Il faut dire que dans la région, les écolos ont appris à se méfier de l’affairisme qui s'est doucement installé dans les énergies renouvelables. En Nouvelle-Aquitaine, qui produit 25% de la puissance nationale, le solaire est devenu un eldorado difficile à critiquer, surtout venant de mouvements écologistes. Pourtant, particulièrement dans les Landes, les « énergies vertes » ne le sont qu’à moitié : l’énorme majorité des parcs photovoltaïques géants s’est construite sur les débris de milliers d’hectares d’espaces naturels et forestiers, comme l'a décrit en détail le site Reporterre en janvier 2021. Du pin des Landes contre du courant durable? Plutôt mauvais, le bilan carbone. Surtout que seulement 15% des centrales d’Aquitaine sont installées sur des sites déjà artificialisés (hangars, parking ou usines désaffectés) (1). La Sepanso en est d’autant plus furieuse qu’un rapport de l’Agence de l’énergie (Ademe), en avril 2019, avait identifié les Landes et la Gironde comme les deux départements les mieux fournis de France en sites désaffectés pouvant abriter des centrales solaires sans avoir à ravager la forêt ! (2).

« Ici l’intégralité des 50 ha occupés par les panneaux solaires s’est construit sur une zone boisée : il a fallu tout couper ! » lâche Jean Dupouy, l'un des militants bénévoles de la Sepanso des Landes à s’être très tôt intéressé à la déconfiture de Solarezo. Dans la commune où il réside, Ygos-Saint-Saturnin, deux belles centrales électriques solaires ont ouvert l'an dernier, d'une capacité de 25 MW.

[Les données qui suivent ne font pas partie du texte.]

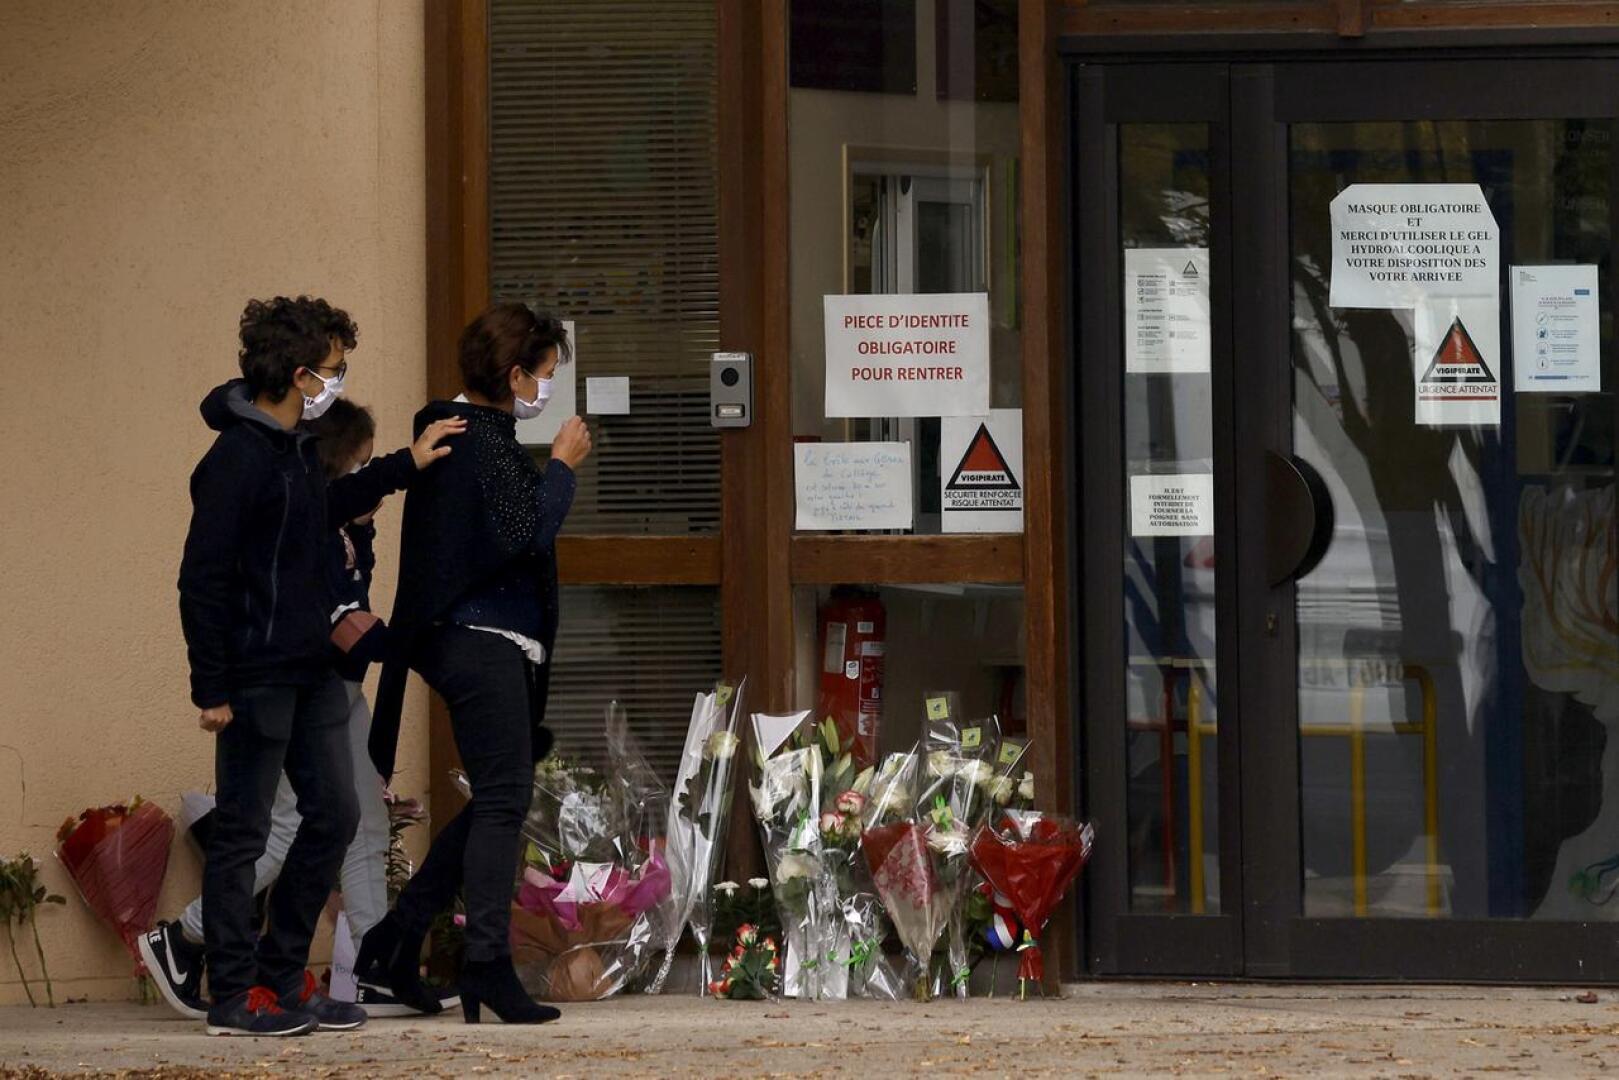 Lapset ja vanhemmat toivat lauantaina kukkia koulun portille Conflans Sainte-Honorinen kaupunginosassa Pariisissa. Koulun opettaja surmattiin raa'asti perjantaina koulun läheisyydessä.

Ce qui semble relever du système métrique et du flou de paroles lointaines, prends une toute autre dimension lorsque que l'on rapporte le discours à la réalité du terrain: 50 hectares de déforestation, c'est tracer une ligne ininterrompue de panneaux solaires entre Paris et le parc naturel des Landes. Soudain, les soucis de la petite commune rurale d’Ygos-Saint-Saturnin ne nous paraissent plus aussi éloignés des problèmes nationaux liés à la transition énergétique.

50 ha en ligne droite, c'est long... - © Reflets - CC
50 ha en ligne droite, c'est long... - © Reflets - CC

« On a trouvé étrange, nous raconte-t-il, que ce projet de centrale, dont les permis de construire avaient été déposés par Solarezo, ait encore été en développement bien après la faillite de la société »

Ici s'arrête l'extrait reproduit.